Original URL: https://www.theregister.com/2014/01/14/amd_unveils_kaveri_hsa_enabled_apu/

Graphics and x86 cores are all just 'compute units' now for our games, videos and apps

Posted in Personal Tech, 14th January 2014 13:00 GMT

AMD has released its long-awaited Kaveri processor, the first accelerated processing unit (APU) to incorporate both on-die CPU and GPU cores in a heterogeneous system architecture (HSA) with a shared memory architecture.

Behold Kaveri, in which CPUs and GPUs are equal 'compute unit' partners (click to enlarge)

"We're going to need to create a new term," AMD product CTO Joe Macri said at a Kaveri briefing, "because HSA has really changed what can be done on the graphics part of the die."

That new term, Macri explained, is compute cores. "The compute cores can either be CPU cores or graphics cores," he said. "We based them on the historical definition of what a CPU is," meaning that in an HSA system, each compute core – CPU or GPU – is programmable, capable of running at least one process in its own context in its own virtual memory space, and do so independently from all the other cores on the 2.41-billion transistor, 245mm² die.

The four CPU cores and the eight GPU cores in the HSA-enabled Kaveri processor can each run its own thread, drawing data from a shared memory space.
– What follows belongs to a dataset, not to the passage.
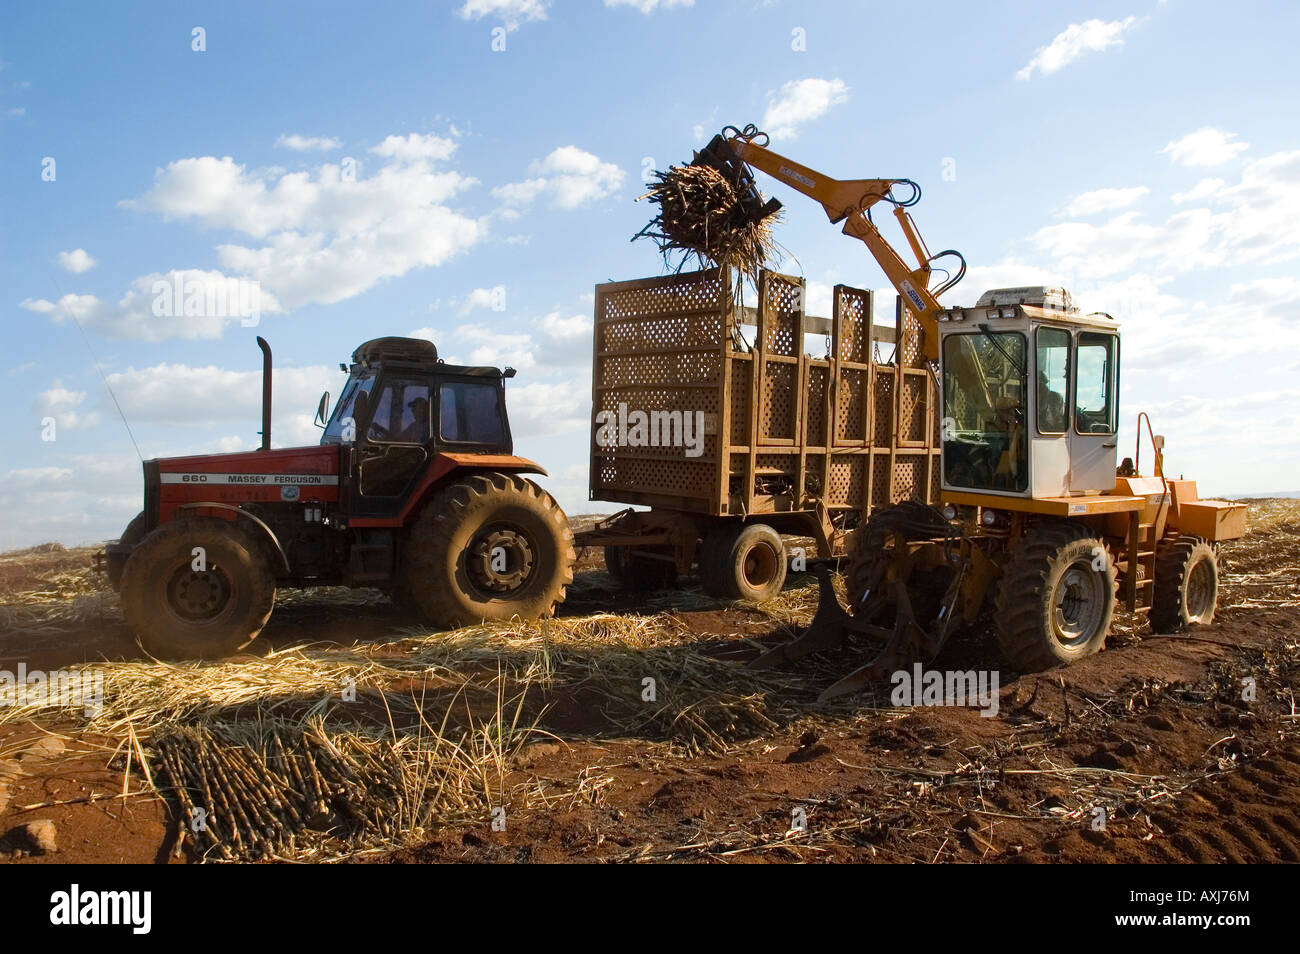 Tractors harvesting cane Stock Photo

Kaveri, Macri explained, should therefore be regarded as a 12-core processor.

"We want to be able to talk about core count," he said, "because when we describe the device, core count represents throughput to first order [tasks]. There are other metrics of throughput that can also be applied, but we thought it was very important to be able to talk about a device, talk about the number of cores, and have the end user in the technical community to start picturing in their mind what the capabilities of this device really are."

So from now on in the new HSA environment, AMD would like you Reg readers – members of the technical community that you are – to subsume the terms CPU and GPU into the larger, more inclusive term of compute cores. "It's going to become part of our dictionary, our technical dictionary going forward," Macri said.

In HSA, memory is shared by ~~CPUs and GPUs~~ compute units (click to enlarge)

Not that the 12 compute cores in Kaveri are identical – far from it. Four of them are CPU cores based on AMD's "Steamroller" architecture, while the other eight are GPU cores based on the company's "Graphics Core Next" (GCN) architecture.

What ties them together and makes them cooperative compute cores is HSA, comprised of hUMA (heterogeneous uniform memory access) and hQ (heterogeneous queuing). "An unprecedented amount of parallelism is available in Kaveri," Macri claimed, "when you literally have 12 unique threads running on this design. First time ever."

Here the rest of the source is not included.